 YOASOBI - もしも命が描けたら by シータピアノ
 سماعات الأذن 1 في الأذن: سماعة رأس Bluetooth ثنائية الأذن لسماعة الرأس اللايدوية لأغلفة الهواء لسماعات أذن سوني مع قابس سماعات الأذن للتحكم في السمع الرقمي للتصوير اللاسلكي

* * *

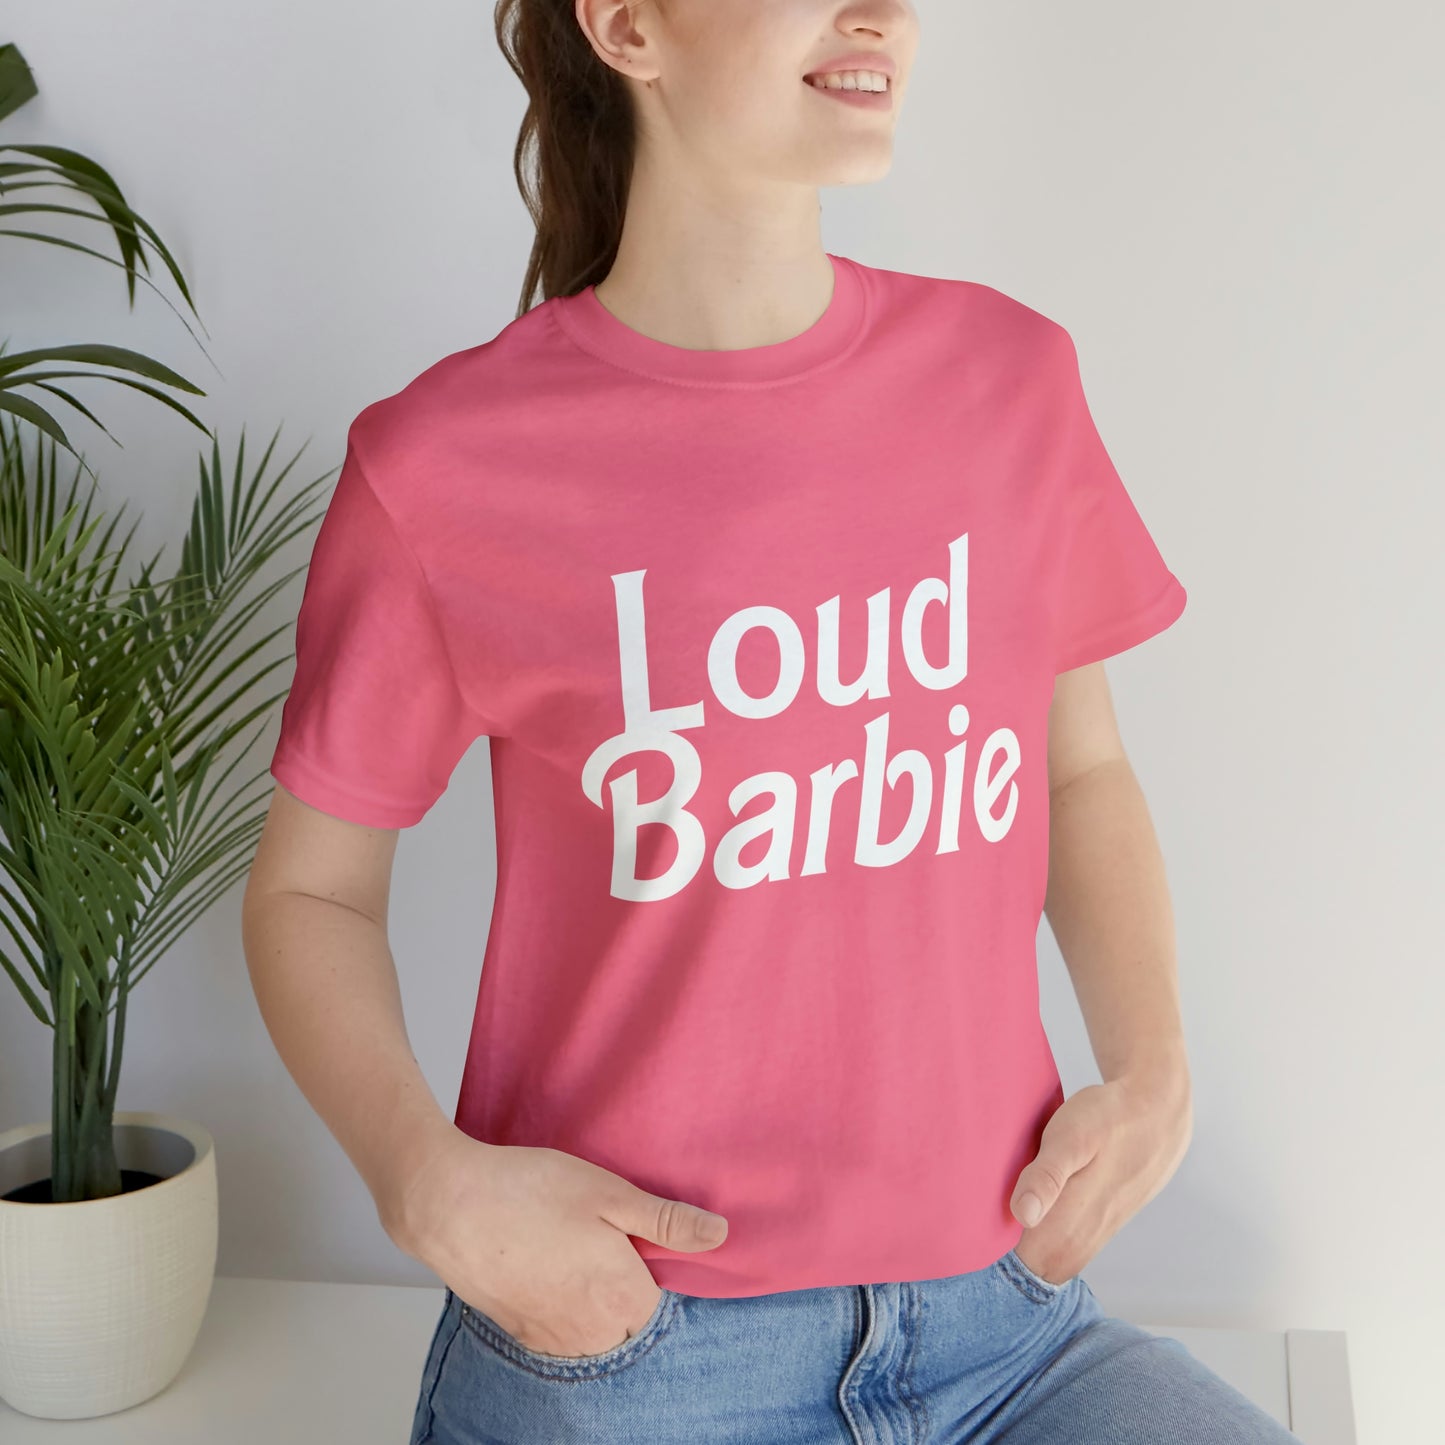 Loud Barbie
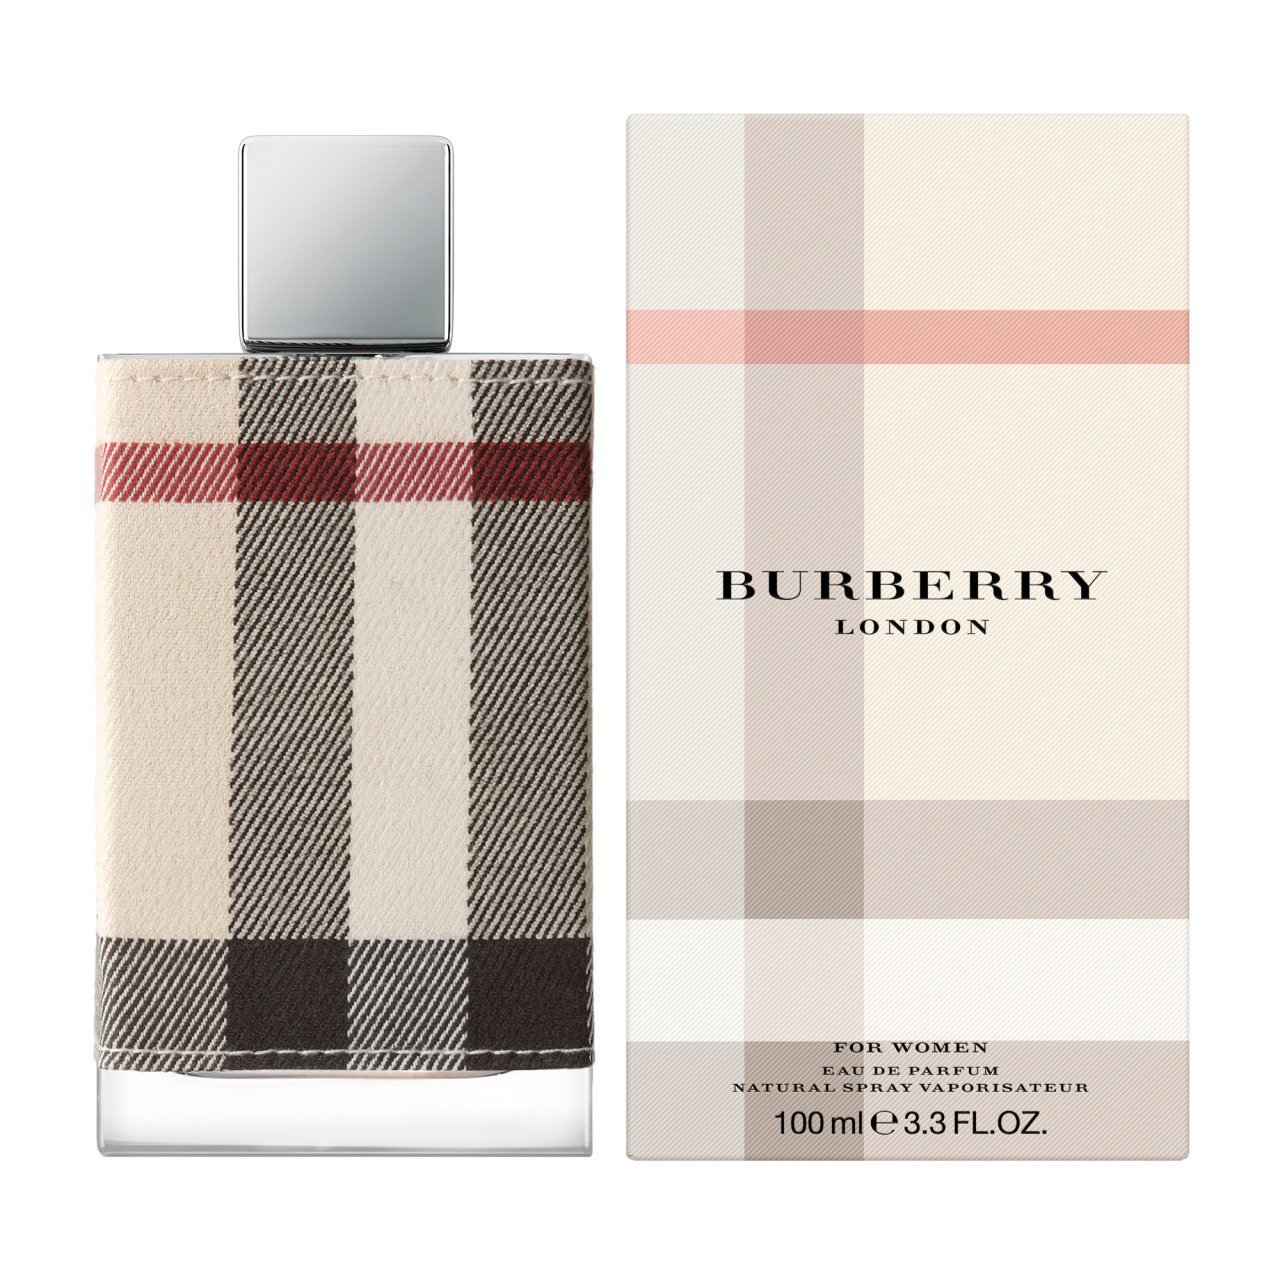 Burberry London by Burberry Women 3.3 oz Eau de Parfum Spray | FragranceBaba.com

* * *

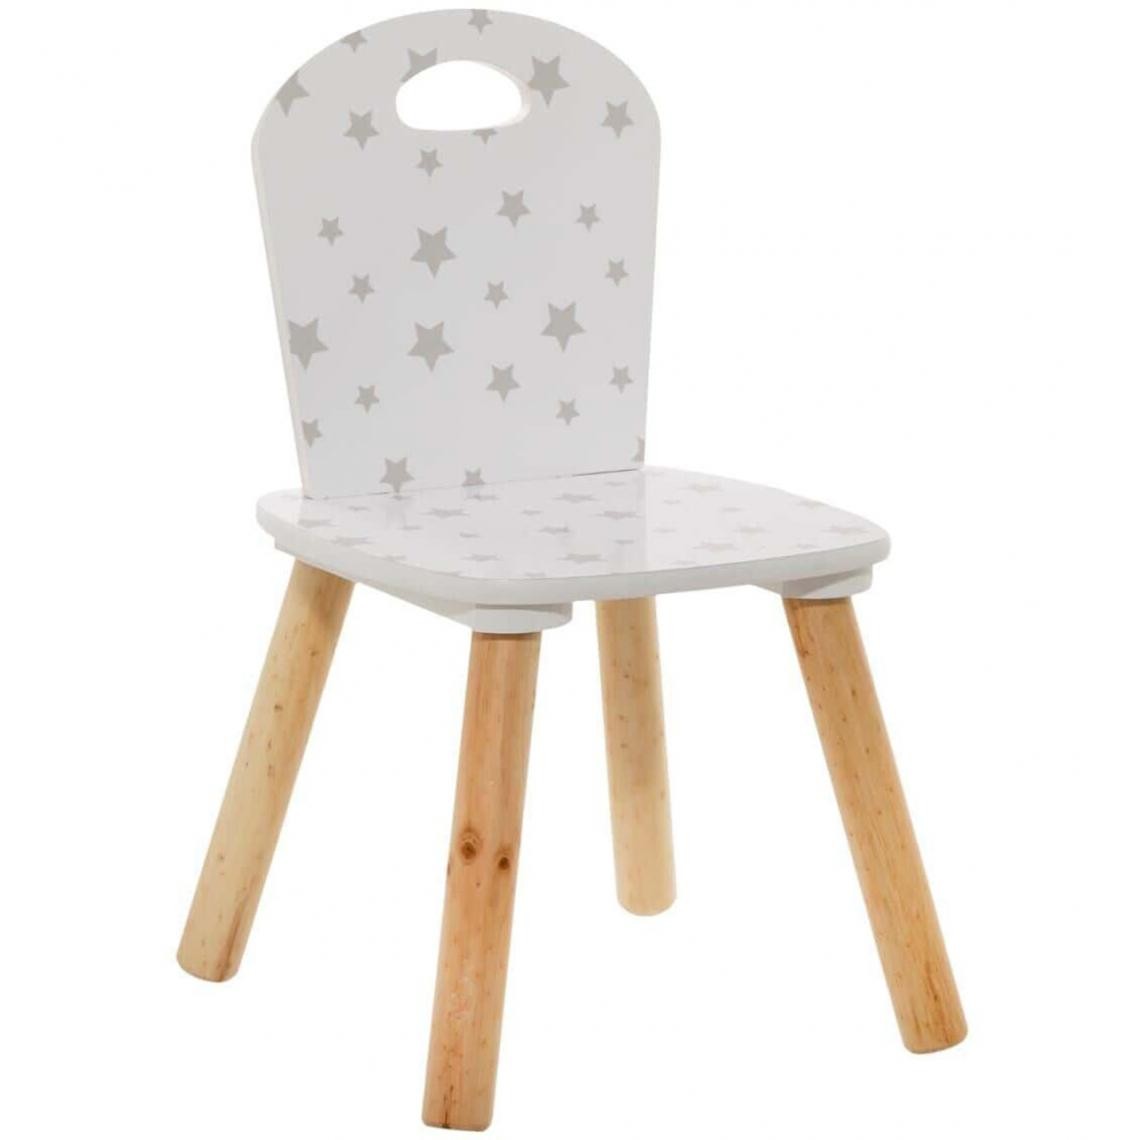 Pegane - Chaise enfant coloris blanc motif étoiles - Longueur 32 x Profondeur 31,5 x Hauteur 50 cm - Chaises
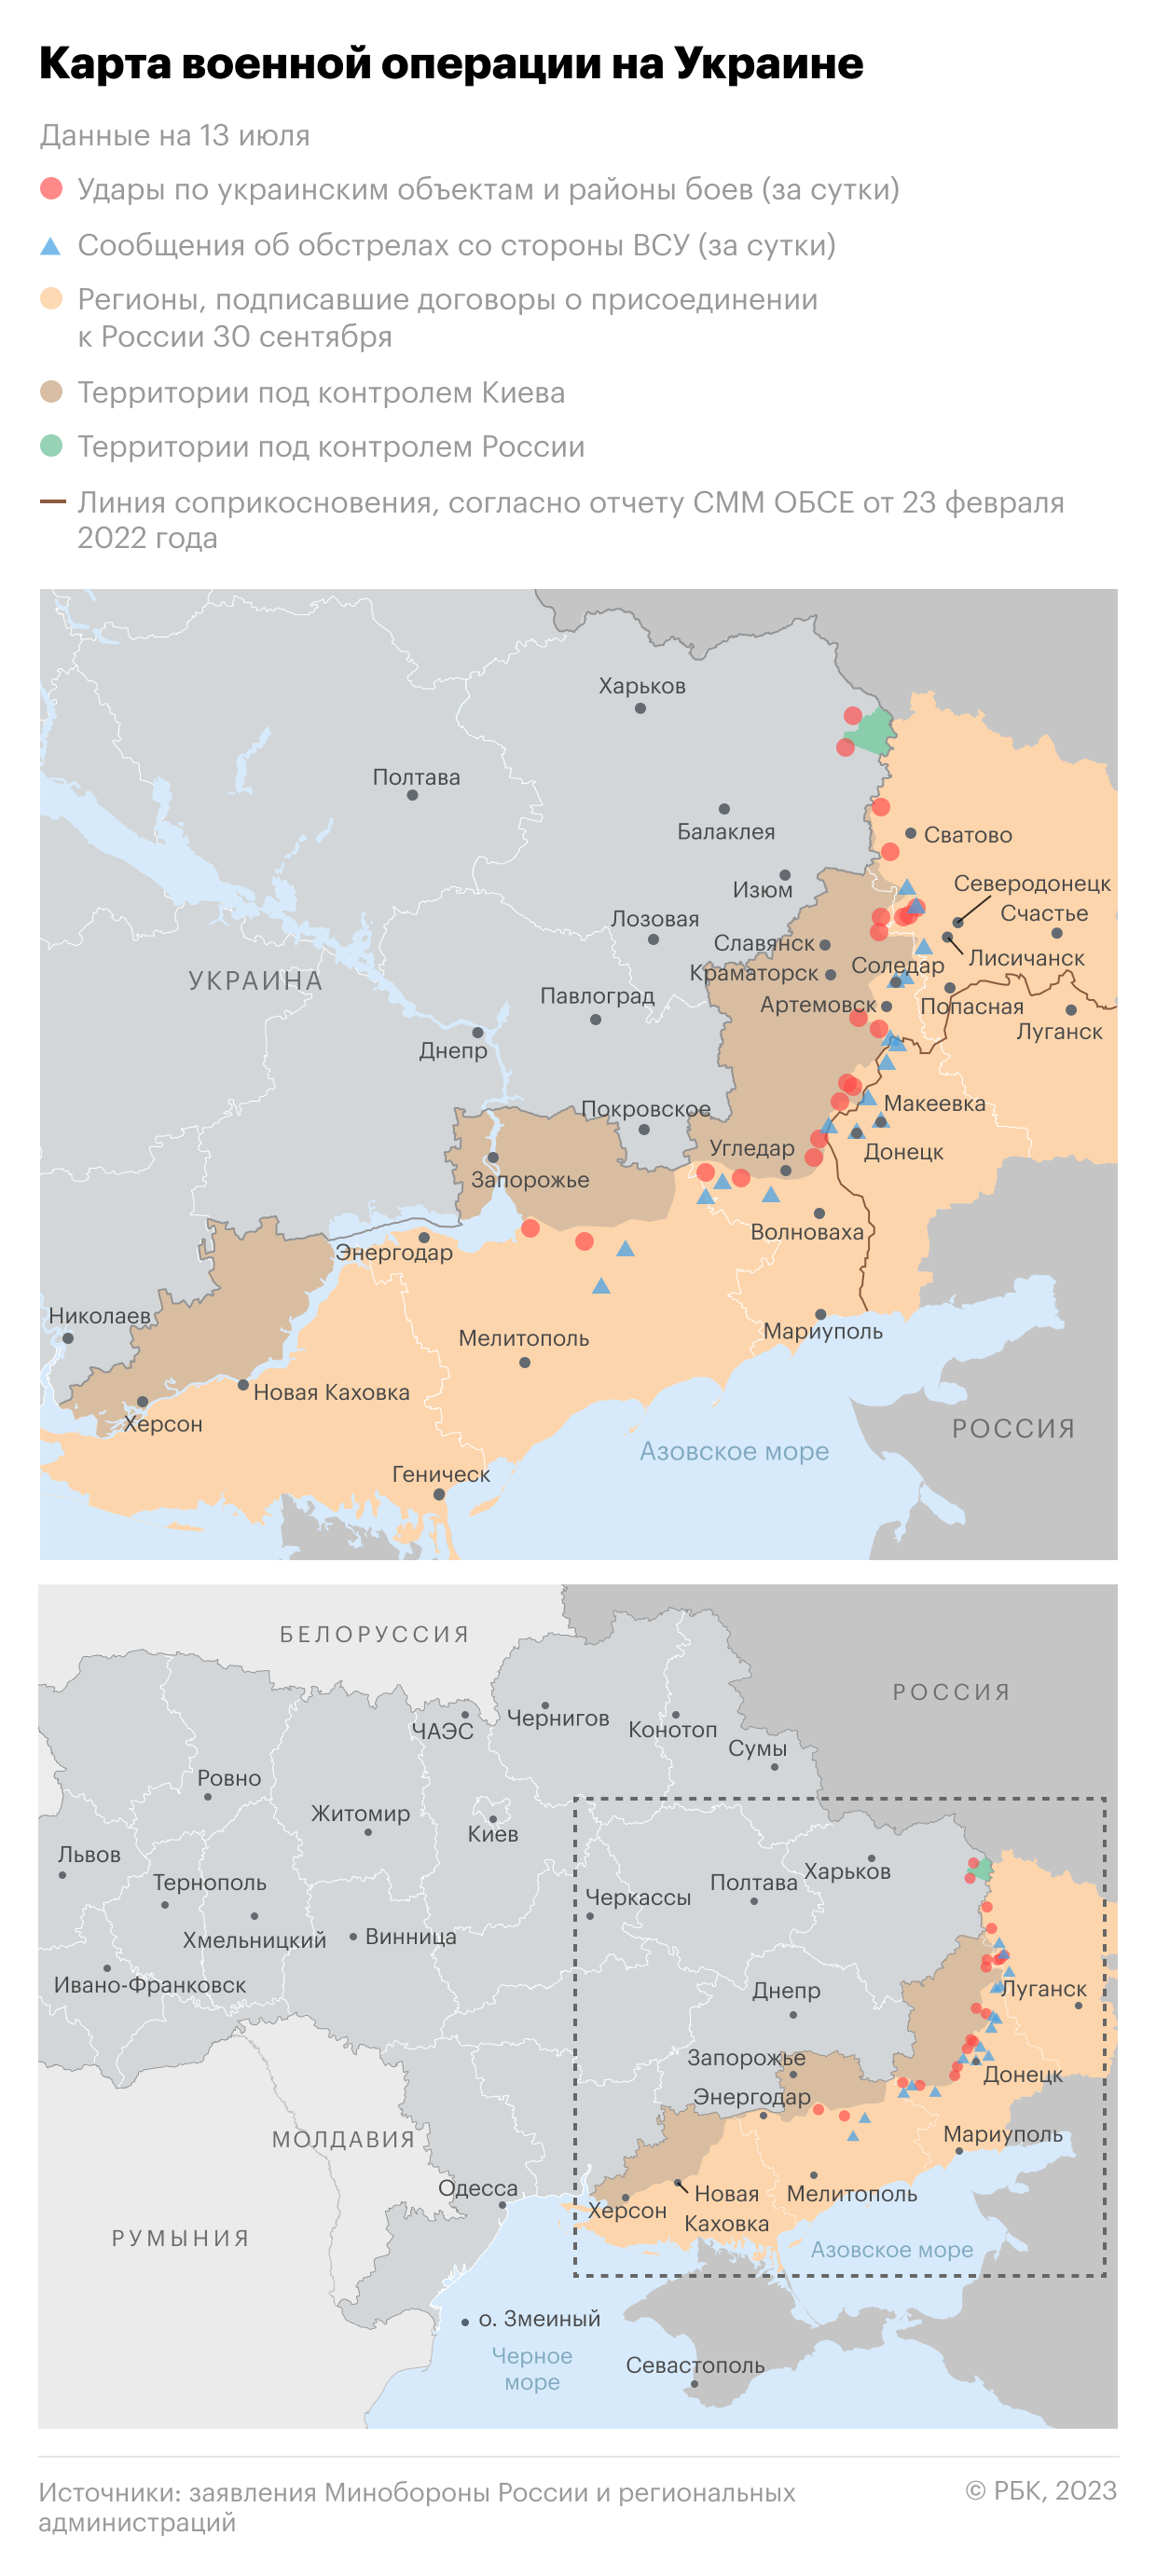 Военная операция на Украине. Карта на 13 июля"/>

ACTIVITY: Return exactly the part of the listing above that opens with the line containing "Loud Barbie" and closes with the line containing "Burberry London by". Pictures stay out.

TASK SOLUTION:
 Loud Barbie
 Burberry London by Burberry Women 3.3 oz Eau de Parfum Spray | FragranceBaba.com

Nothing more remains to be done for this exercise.